The first five lifeboat stations due to receive a life extended Severn are Aberdeen, Kirkwall and Lerwick in Scotland, Tynemouth in the north east of England and Ballyglass in the Republic of Ireland. Aberdeen Lifeboat Station are due to receive the first upgraded Severn at the end of 2021.

The average anticipated cost of each life extension upgrade is £1.25M. This is significantly less than the cost of designing and building a brand-new class of lifeboat to replace the Severn. For context, a Shannon, which is significantly smaller and not as powerful as the Severn, costs £2.2M to build.

Since entering service back in 1996, Severn class lifeboats have launched over 16,500 times, going to the aid of over 22,500 people and saving over 900 lives.

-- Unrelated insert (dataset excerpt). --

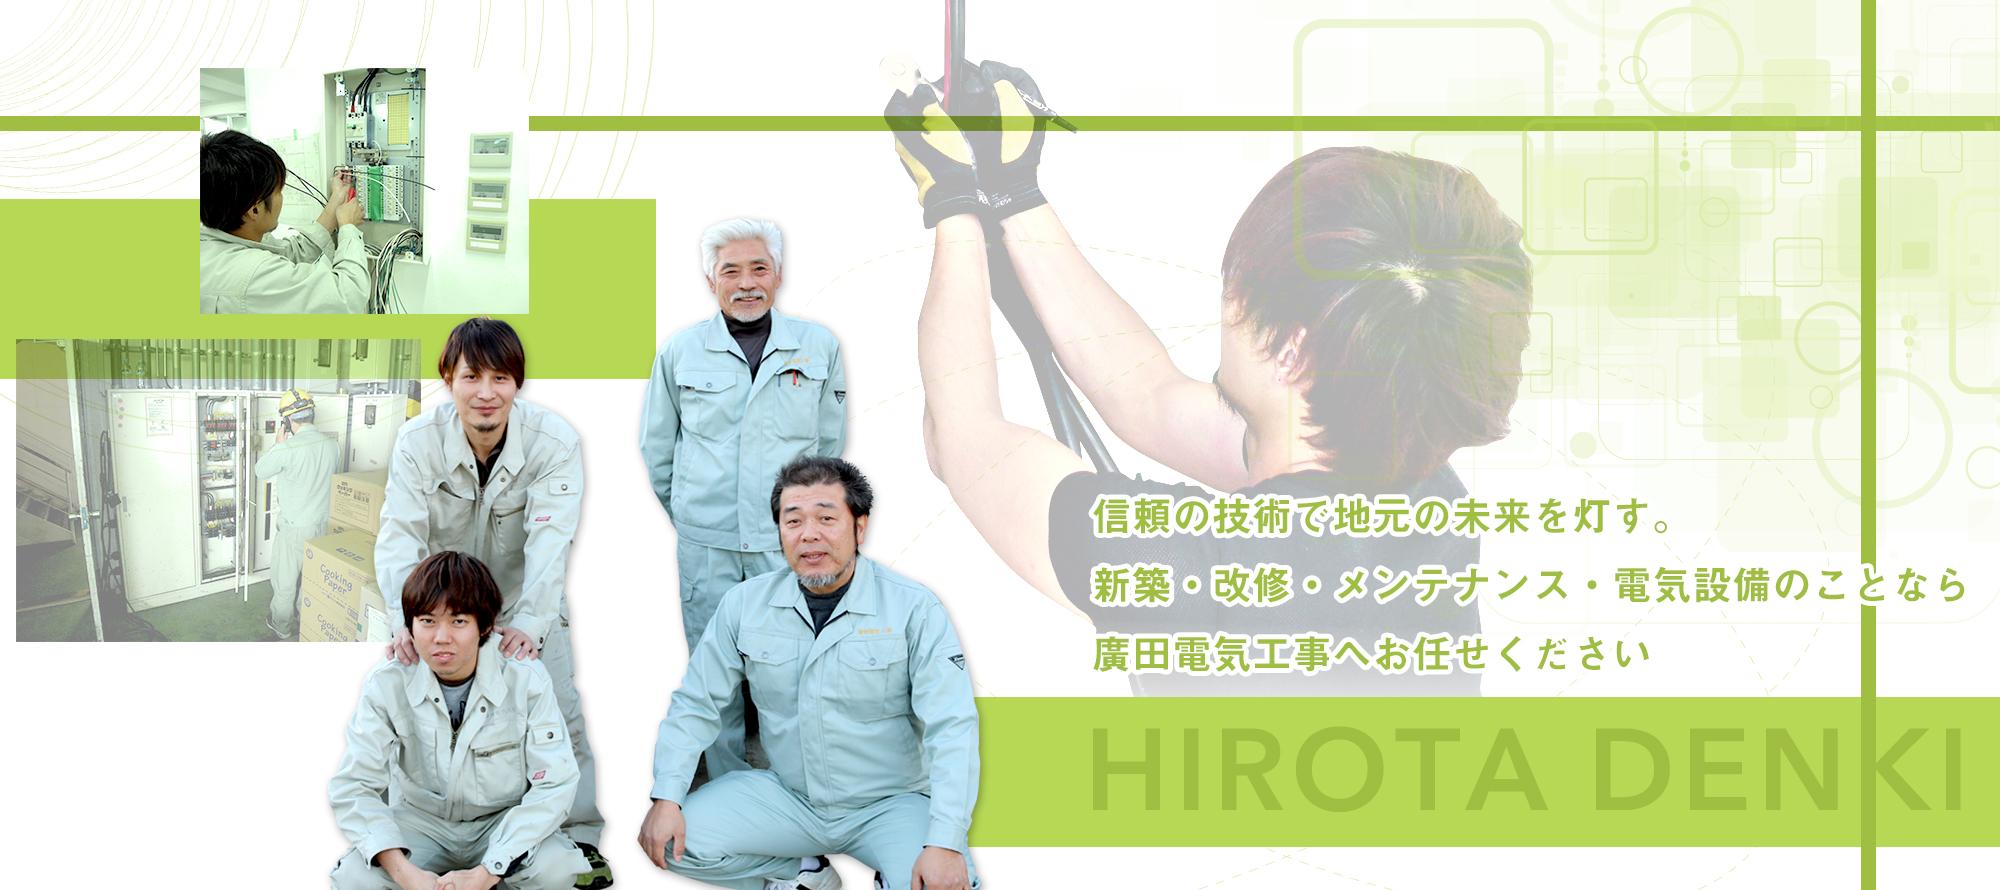 メンテナンス・電気設備のことなら廣田電気工事へお任せください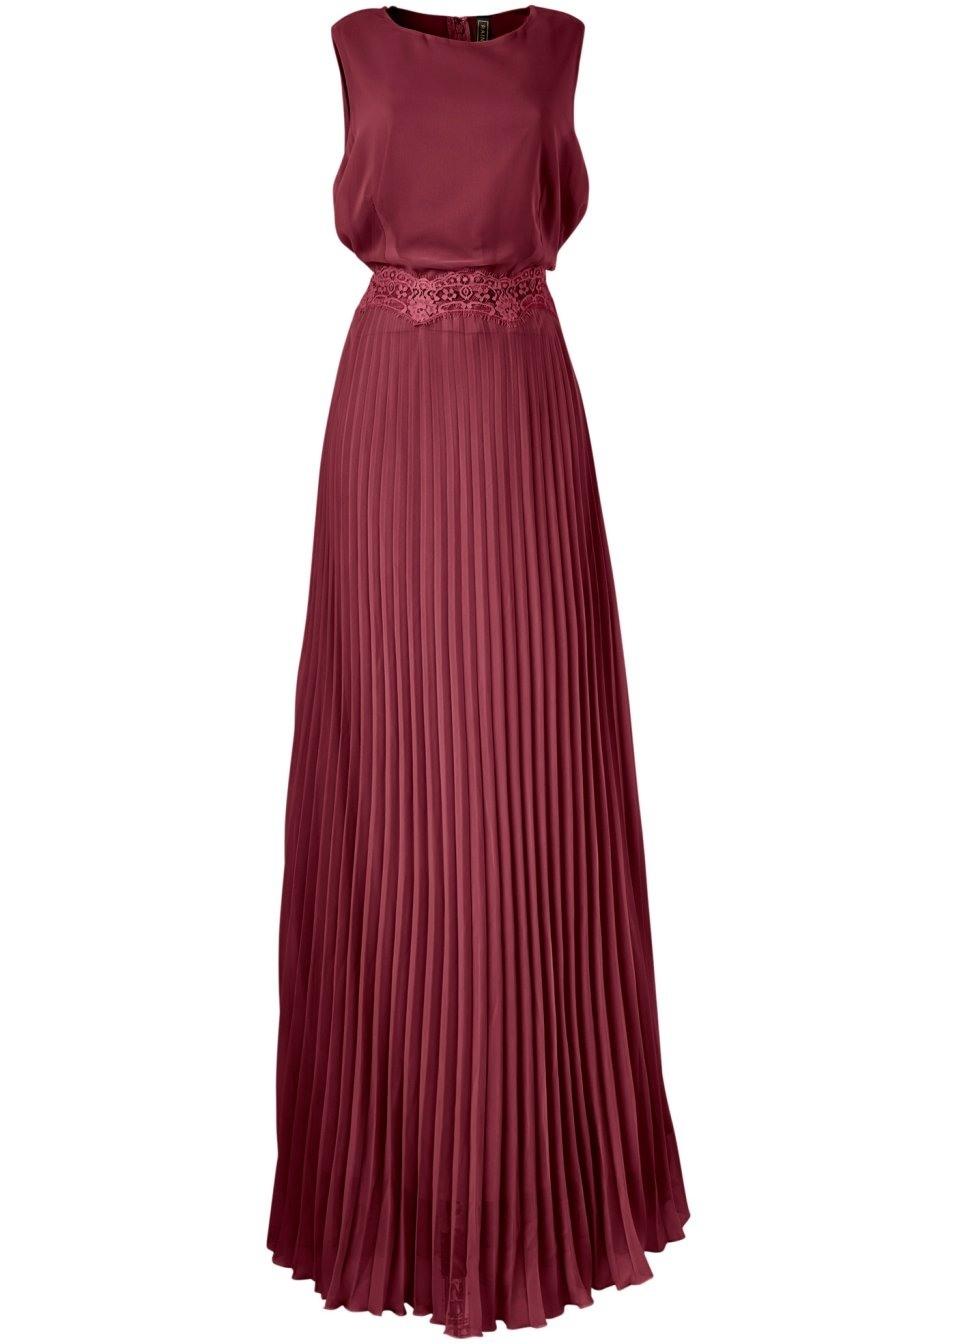 15 Coolste Bordeaux Kleid Spitze Vertrieb15 Schön Bordeaux Kleid Spitze Vertrieb

Angus Watson, Engineering and Supply Director, said: ‘I am so excited to announce our plans to extend the operational life of our Severn class lifeboats.

‘Our Severns are often located in the more remote locations across the UK and Ireland, where the crews are often required to sail out longer distances in the most challenging sea conditions. Being the largest class of lifeboat, it is well-suited for locations where mass casualty rescues are more likely, and its highly elevated upper steering position and greater length are ideal when negotiating large waves in the roughest seas.


‘While the systems and technology on board the Severn class need upgrading, the lifeboat’s hull and structure is still ideally suited to the challenging conditions these lifeboats face today. So rather than spending significantly more money to roll out a brand new class of all-weather lifeboat, supplying stations with upgraded Severn class lifeboats that we know can meet the demands of these challenging stretches of coastline is a much more efficient use of charitable funds, while still ensuring that our volunteer crews have lifeboats absolutely fit for purpose for the next 25 years.’